The "gayer" part of our little world at the baths used, as I have said, more especially to congregate at the "Ponte," and the more "proper" portion at the "Villa," for, as I have also said, the English Church service was performed there, in a hired room, as I remember, when I first went there. But a church was already in process of being built, mainly by the exertions of a lady, who assuredly cannot be forgotten by any one who ever knew the Baths in those days, or for many years afterwards—Mrs. Stisted. Unlike the rest of the world she lived neither at the "Ponte," nor at the "Villa," nor at the "Bagni Caldi," but at "The Cottage," a little habitation on the bank of the stream about half-way between the "Ponte" and the "Villa." Also unlike all the rest of the world she lived there permanently, for the place was her own, or rather the property of her husband, Colonel Stisted. He was a long, lean, grey, faded, exceedingly mild, and perfectly gentlemanlike old man; but she was one of the queerest people my roving life has ever made me acquainted with.

She was the Queen of the Baths. On one occasion at the ducal villa, his Highness, who spoke English perfectly, said as she entered the room, "Here comes the Queen of the Baths!" "He calls me his Queen," said she, turning to the surrounding circle with a magnificent wave of the hand and delightedly complacent smile. It was not exactly that that the Duke had said, but he was immensely amused, as were we all, for some days afterwards.

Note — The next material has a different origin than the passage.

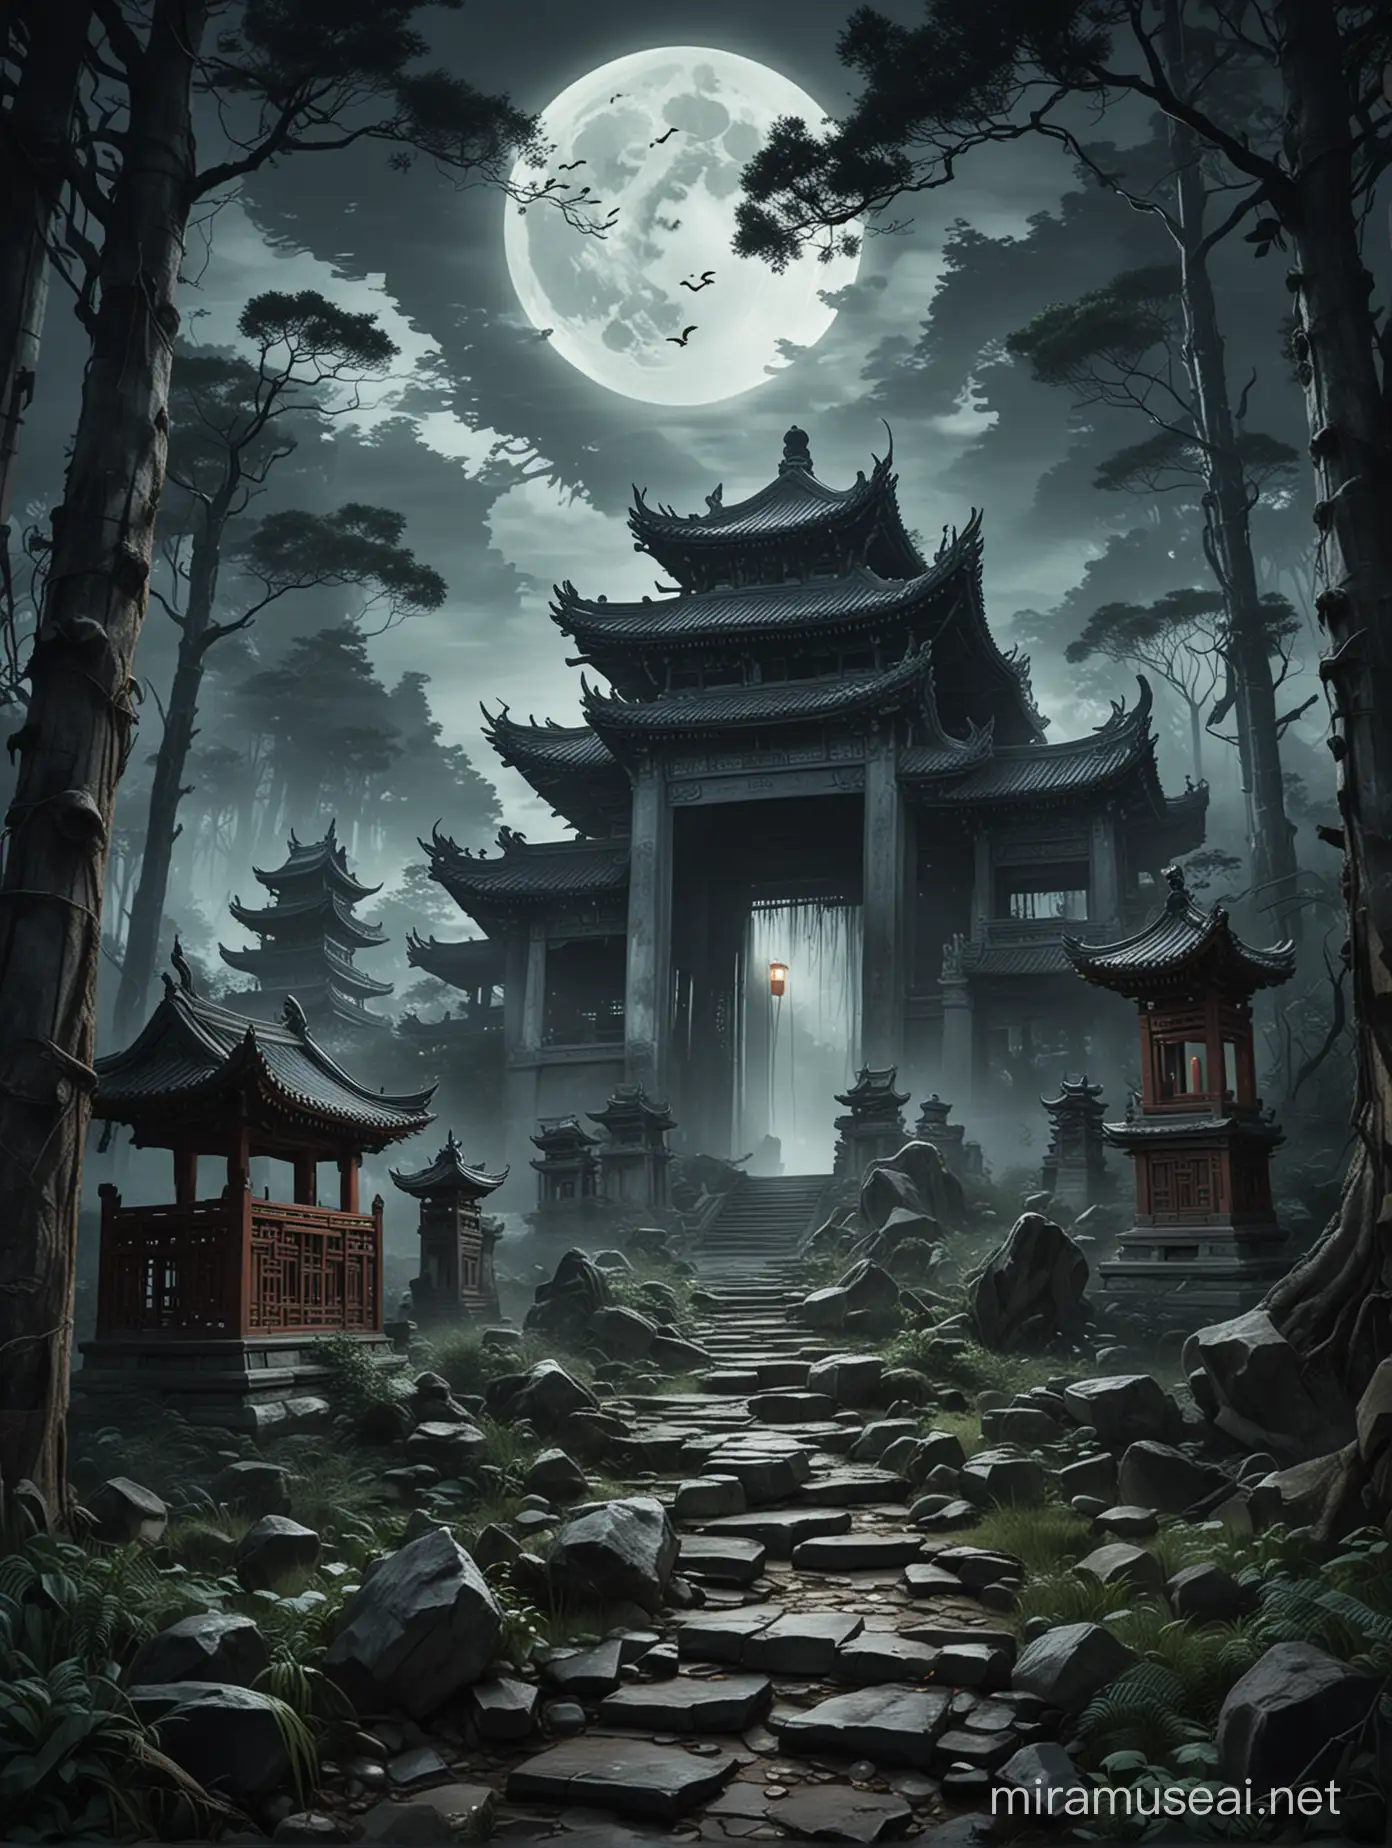 生成一张
悬疑、鬼怪类小说配封面图，有残缺的中国元素的破庙，有树林，有月光，有恐怖动物

She was a stout old lady, with large rubicund face and big blue eyes, surrounded by very abundant grey curls. She used to play, or profess to play, the harp, and adopted, as she explained, a costume for the purpose. This consisted of a loose, flowing garment, much like a muslin surplice, which fell back and allowed the arm to be seen when raised for performance on her favourite instrument. The arm probably was, or had once been, a handsome one. The large grey head, and the large blue eyes, and the drooping curls, were also raised simultaneously, and the player looked singularly like the picture of King David similarly employed, which I have seen as a frontispiece in an old-fashioned prayer-book. But the specialty of the performance was that, as all present always said, no sound whatever was heard to issue from the instrument! "Attitude is everything," as we have heard in connection with other matters; but with dear old Mrs. Stisted at her harp it was absolutely and literally so to the exclusion of all else!

She and the good old colonel—he was a truly good and benevolent man, and, indeed, I believe she was a good and charitable woman, despite her manifold absurdities and eccentricities—used to drive out in the evening among her subjects—her subjects, for neither I nor anybody else ever heard him called King of the Baths!—in an old-fashioned, very shabby and very high-hung phaeton, sometimes with her niece Charlotte—an excellent creature and universal favourite—by her side, and the colonel on the seat behind, ready to offer the hospitality of the place by his side to any mortal so favoured by the queen as to have received such an invitation.